Os gatos, quando morrem, ficam andando nos telhados do céu. E enchem o saco dos anjos, correm de lá para cá, se aninham no manto das santas e ronronam muito para Deus, talvez falando em miados das suas longas barbas e cabelos brancos. Por isso, os gatos brancos e albinos (principalmente os estrábicos), por vezes, se escondem nessas mesmas barbas e cabelos quando Deus dá-se a dormir (porque Ele também se cansa e, como todo o velho, ressona pelos cantos, a roncar feito trovão). Mas o Todo Poderoso, quando acorda, ri muito. E acaricia os felinos brancos e albinos que se atreveram à invadir o seu mundo corpóreo, ao som de um Hermeto Pascoal ou um Sivuca, albinos também.
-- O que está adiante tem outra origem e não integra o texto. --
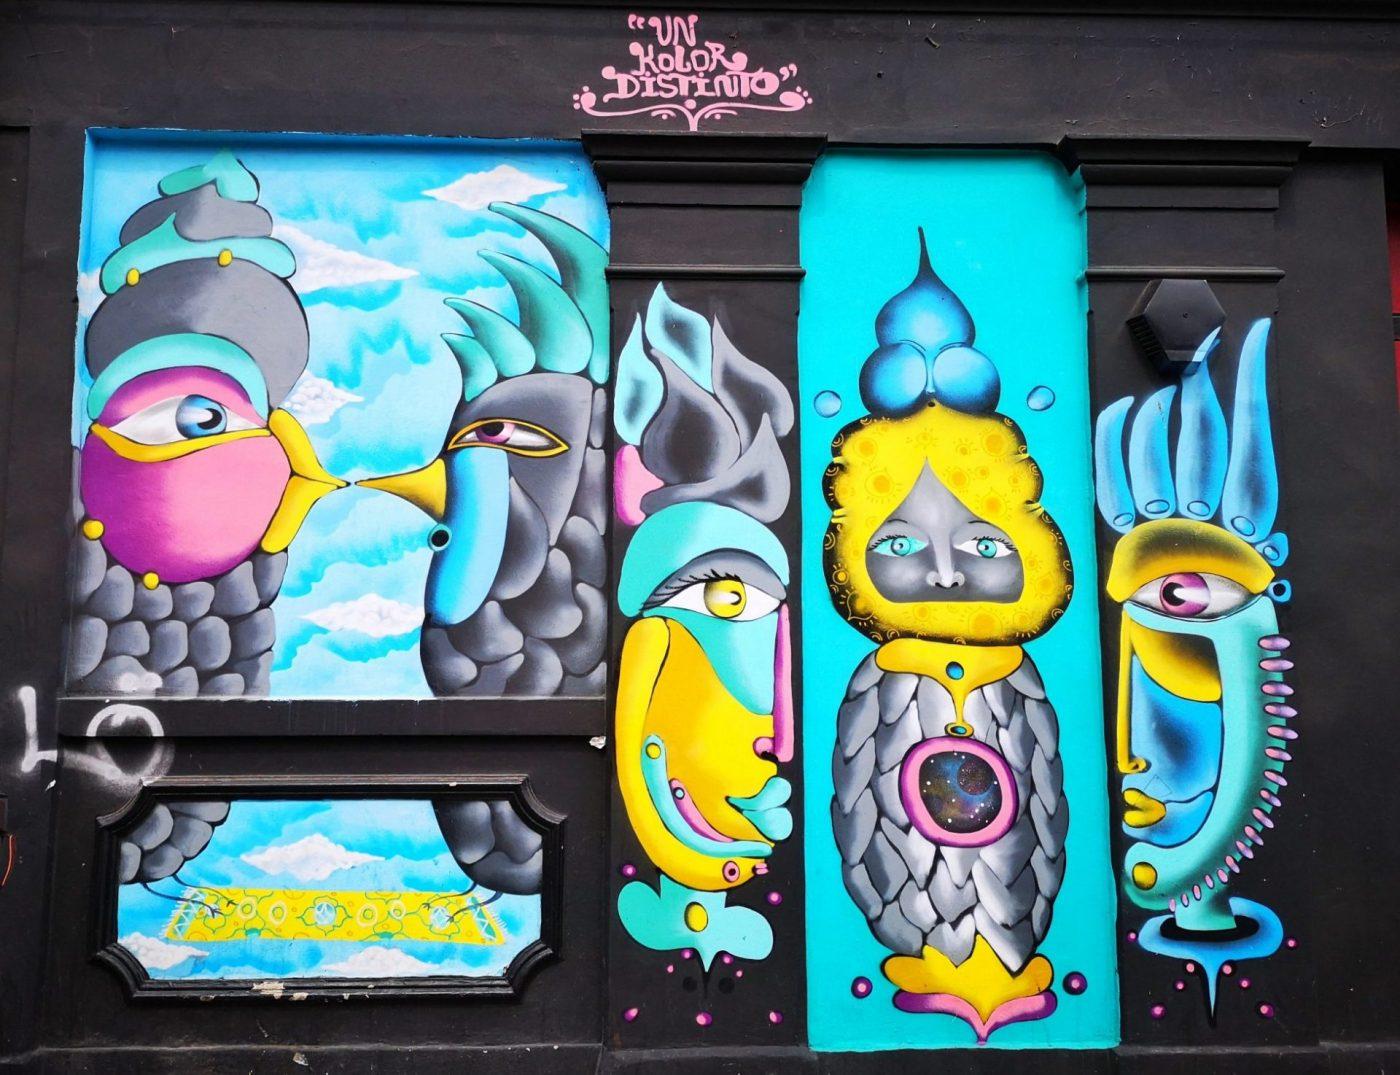 Brick Lane Street Art Tour in Shoreditch

Então, Ele começa até a achar que gatos e homens se parecem, com a diferença que os primeiros vivem por viver e para viver; e os segundos riem e amam, mas às vezes se matam e odeiam, outras vezes choram e pouco entendem ainda o quão bom seria não ser. Num bastar dormir e se espreguiçar ao sol, flertando com a madrugada e a vida, miando para a amada e para a lua. Como os gatos... Creia que o seu gato agora deve estar entre as barbas de Deus, para sorte ou azar do Todo Poderoso. E que eles vivam em comunhão eterna, para sorte de homens e felinos... Para que Deus ainda ache que vale a pena continuar nossa estrada e deixar o mundo descobrir o quanto é importante e essencial somente viver a emoção e sentir...
Cuide-se. Sempre.
Ronaldo Faria

Vivien Morgato : disse...

;0(

Tatiana disse...

Ai, ai
gente...assim é que eu choro mais ainda...

anderson.head disse...

legal ter respondido ao meu recado... bom, não sou uma pessoa muito certa para falar algo agora... mas é isso, a perda dói e dói muito... o jeito é respirar fundo e vida que segue...

Anônimo disse...

Puta que pariu! Adorava este gato. Quando te liguei ontem, já saquei que não tinha mais jeito, senti mesmo. Vou escrever uma homanagem a ele. Querida, estarei aí neste findi para te abraçar bastante. Vamos meter o pé na jaca?
beijo.
Má F.

Lord Broken Pottery disse...

Tatiana,
Nunca soube o que dizer ante a morte. Deixo aqui o silêncio, e o meu carinho.
Beijo

Anônimo disse...

Não a conheço, mas sempre leio seu blog. Hoje chorei muito lendo o post sobre seu gato, mas acho que chorei por mim também. Pelas coisas que não deixo simplesmente ir, pelas coisas que não consigo sacrificar. Parabéns por sua coragem, mas minha admiração por ser uma mulher como poucas, que tira de uma tristeza um aprendizado profundo. Sinto pelo seu gato, tenho certeza de que ele parou de sofrer. Tente fazer o mesmo, apesar da saudade e do vazio que ele deixou. Um beijo
grande e toda minha admiração!
Maria Luiza

Adriana disse...

Tatiana, mais uma vez tiveste que sacar forças do seu interior, com certeza seu gato estara sempre em seu pensamento, sentindo seu amor, seu carinho e sentindo muitas saudades de voce.
Desde aqui do outro lado do oceano te envio muitissimas energias positivas para superar mais esta dor.
Palavras sobram neste momento, somente a emoçao tem lugar.
Beijinhos carinhosos Valente Guerreira do outro lado do oceano

Claudia Lyra disse...

Ah, Tatiana... que triste... Você fez a coisa certa deixando ele partir... mas é tão doloroso. Força, querida!

Unknown disse...

Entre o telhado e a lua
Um gato dorme
O sono dos justos.
Eu, por outro lado,
Não tenho pro aluguel
Sofro a insônia da rua
Estou mais longe do céu.

Talita Brito disse...

Não tenho o que dizer.

Um abraço.

Daqueles bem fortes.

Tatiana disse...

gente, eu prometo que amanhã to novinha em folha

Anônimo disse...

Uau, esse comentário do Ronaldo Faria valia um novo post, não acha(m)?